También es una buena opción reducir el criterio si suceden dos repeticiones sucesivas que han salido mal, aunque la tasa de éxito sea la más alta.

 

80 no es 90

Lo correcto es incrementar el criterio al llegar al 80%, y no esperar al 90 o más. La razón es simple: en este punto las respuestas no están del todo consolidadas, y es más fácil elevar el criterio así.

Las respuestas presentadas en un 90% o más pueden resistirse al cambio y dificultar el incremento.

 

Debemos tener en cuenta que al alzar un criterio debemos relajar los más antiguos. Por ejemplo, si quieres que se siente de inmediato a tu orden, no le des tanta importancia si lo hace ladeado: cuando haya aprendido a hacerlo en seguida puedes exigirle otra vez que lo haga derecho.

Puede parecer algo complicado y muy largo, pero a la práctica es más fácil de lo que parece. Cada ejercicio de esta web se explica paso a paso, de manera que no necesitas pensar demasiado en cómo alzar criterios. No obstante, todo esto te puede servir para proseguir los entrenamientos por tu cuenta.

 

Los 300 picotazos

Hay otra manera de levantar un criterio, y no necesita que consigas el 80% de éxito en el anterior. Fue desarrollada por la adiestradora equina Alexandra Kurland, y es conocida como “Los 300 picotazos”.

En la educación de perros, este procedimiento aumenta la duración y distancia de los ejercicios.

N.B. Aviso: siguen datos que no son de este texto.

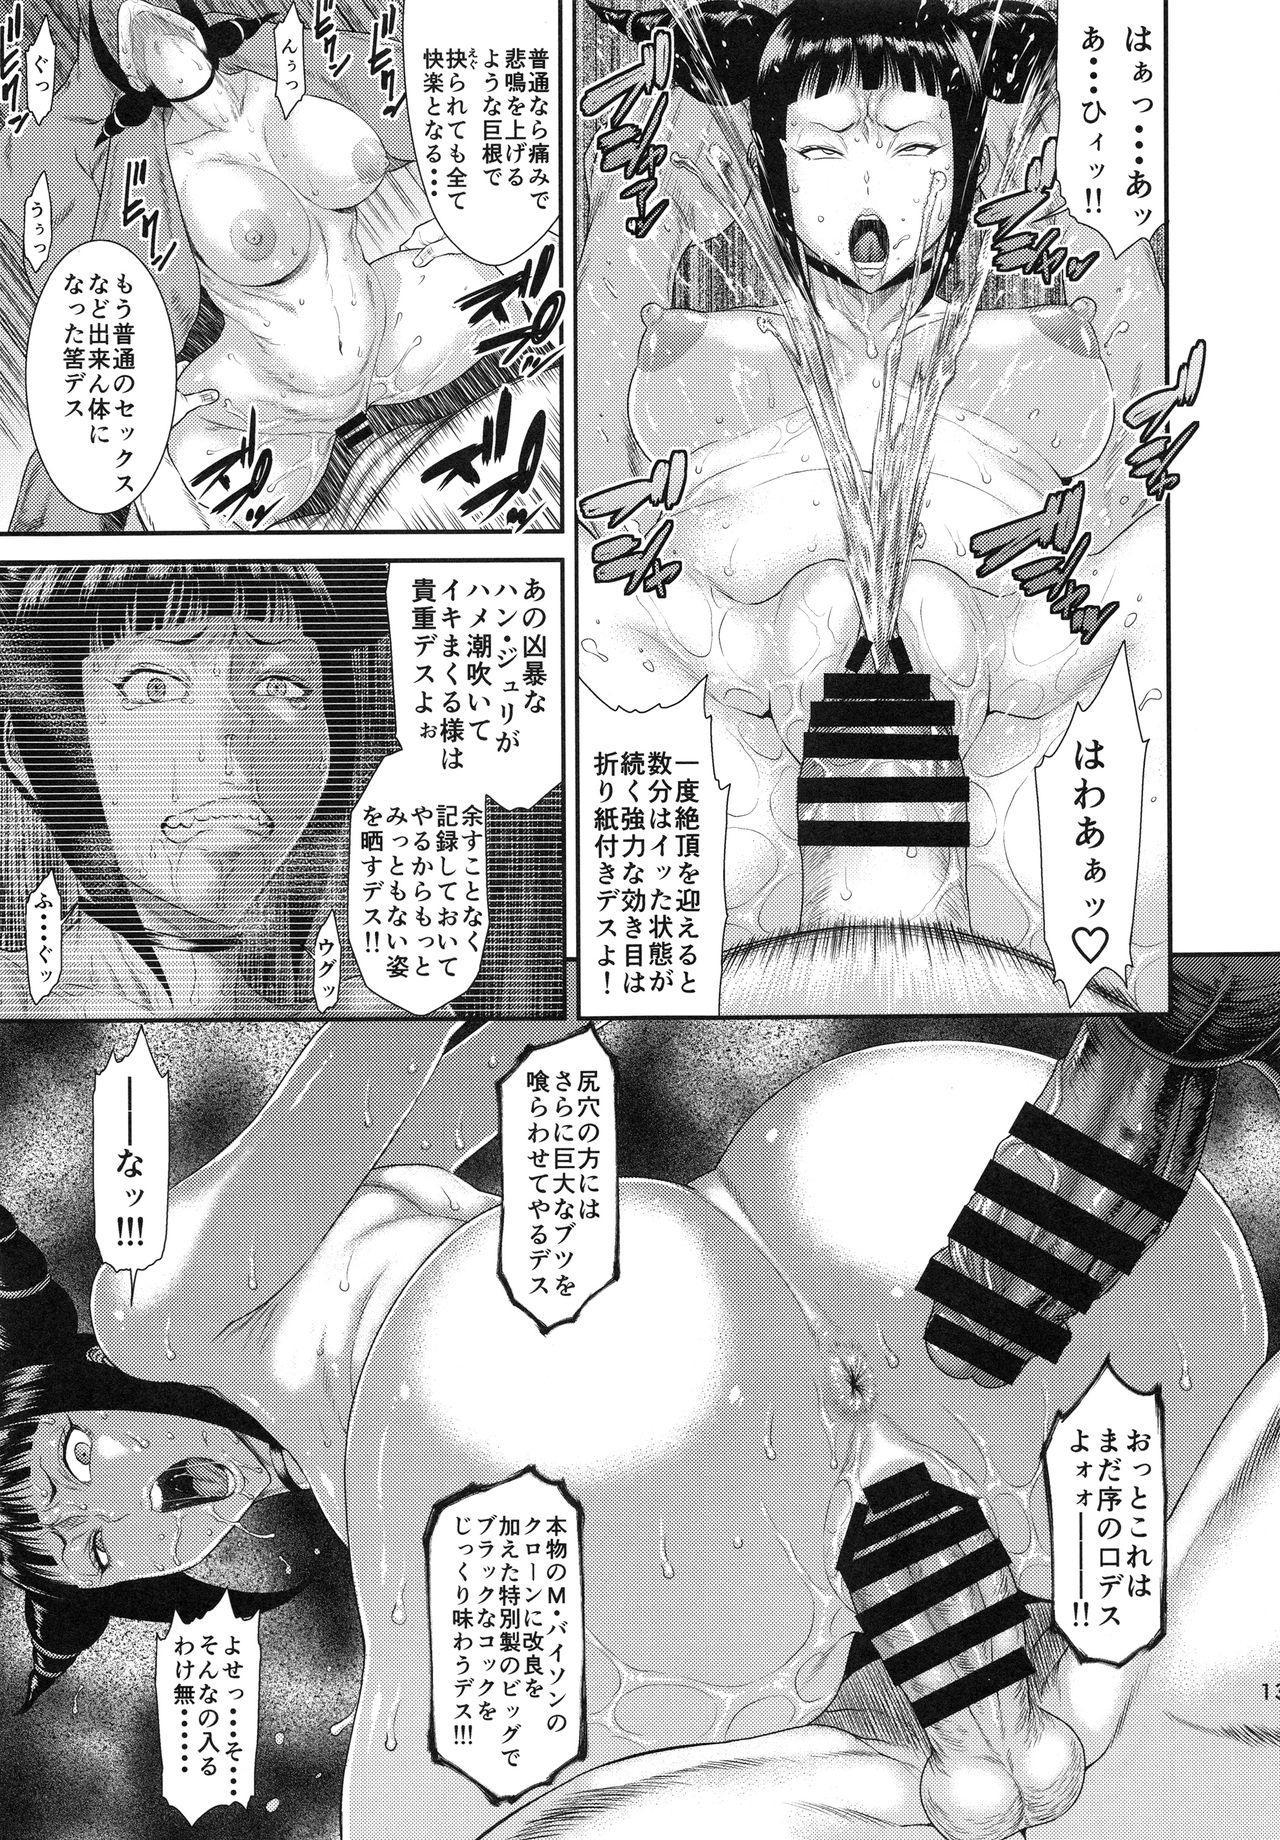 Jaaku - Wicked 11

Se trata de incrementar el criterio con cada éxito, y una vuelta al principio con cada error.

Continuando con el mismo ejemplo de antes, le has enseñado a tu perro a sentarse. Haces que se siente y cuentas mentalmente “uno”. Refuerzas su espera. Luego repites, pero cuentas hasta dos, y refuerzas. Sigues aumentando el tiempo en que tu perro se mantiene en esta posición, pero si se levanta antes de llegar al final de la cuenta, vuelves a empezar.

Para este método vas a necesitar un reforzador condicionado, como un clicker; si no, el perro no podrá saber cuándo levantarse.

 

Criterios Comunes

Pueden variar, siempre dependiendo de los objetivos del entrenador. No obstante, sí que existen algunos criterios muy comunes en las aplicaciones del entrenamiento. A saber:

-          Conseguir la conducta básica. El animal lleva a cabo la acción deseada, aunque no sea a la perfección.

-          Perfeccionar la conducta. Es realizada con precisión.

-          Reducir la latencia. El perro obedece inmediatamente.

-          Aumentar la duración. Mantiene la posición.

-          Aumentar la distancia. Obedece aunque el entrenador esté lejos.

-          Aumentar distracciones. El animal responde adecuadamente aunque haya distracciones a su alrededor.

-          Aumentar la diversidad. Responde en distintos lugares y con varias distracciones de diferente índole.

-          Discriminación. No confunde las órdenes.